確かに2年前の俺の軽口でピアの運命を捻じ曲げるところだった。ラウラ母さんやイザベル母さんのおかげでそんなことにはならなかったけれど、今後はそう上手く取り計らってもらえるとは限らない。
「ごめんなさい、ラウラ母さん。ドノバン先生、ピア、済まなかった」
「ふふ。ジョアンにはたまに厳しく言わないとすぐ忘れてしまうからね。ドノバン先生とピアもジョアンが失礼なことを言ってしまったわね。ごめんなさい。二人が結婚するまでは清くあってほしいと思うわ。

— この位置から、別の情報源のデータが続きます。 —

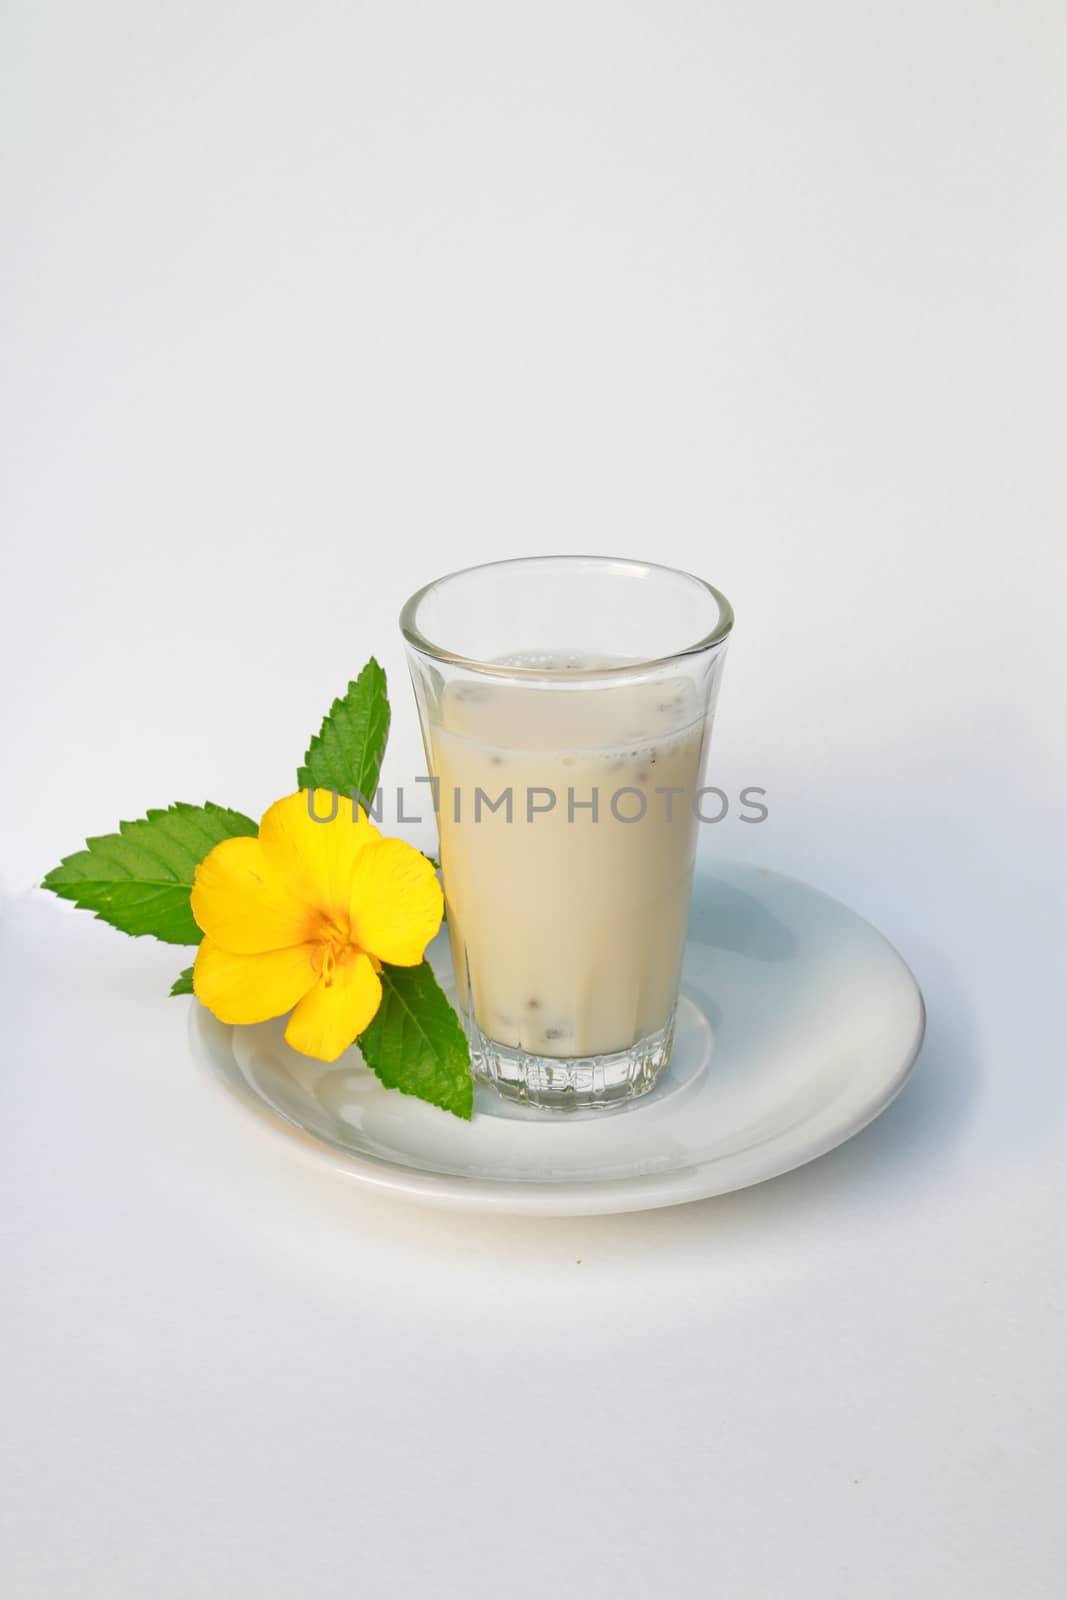 The glass of hot soy milk with lemon basil.

貴族の愛妾になった平民が魔法を使えるようになる、というのは本当だけれど、修道院に入った平民のうちでも修道院内でそれなりの地位に就いたものは魔法を使えることがあるらしいから、流石に修道院内で男女のことに及ぶというのは無いだろうし、それが要因ではないと思うわ」
「ラウラ母さん、それをもっと早く教えて下さい。そうしたらドノバン先生とピアにあんなことを聞かなかったのに」
「ジョアンがそんなことを言い出すなんて思わなかったもの。大体魔法については王族や貴族は普段から使う機会が殆ど無いものだから、どういうきっかけで使えるようになるのかなんて誰も気にしてこなかったわ。
この世界では本当に魔法は取るに足りないものと貴族には認識されているのだ。
以前も思った、
まあでも、これについてもゆっくりと研究しないといけないだろう。
さっきのラウラ母さんの、公衆衛生を広く進める部署、前世だったら労働問題はないけれど厚生労働省だろう。俺とリューズが動きやすいようにと言ってくれたが、そこで魔法の原理についても研究できるようにしていければいいだろう。
「では皆、王都に戻る前にリューズさんのご両親にご挨拶に行く時はよろしくお願いするわね。ジョアンとリューズさんの秘密、くれぐれも守ってね」
ラウラ母さんのその言葉に一同うなずいて、この話は終了になった。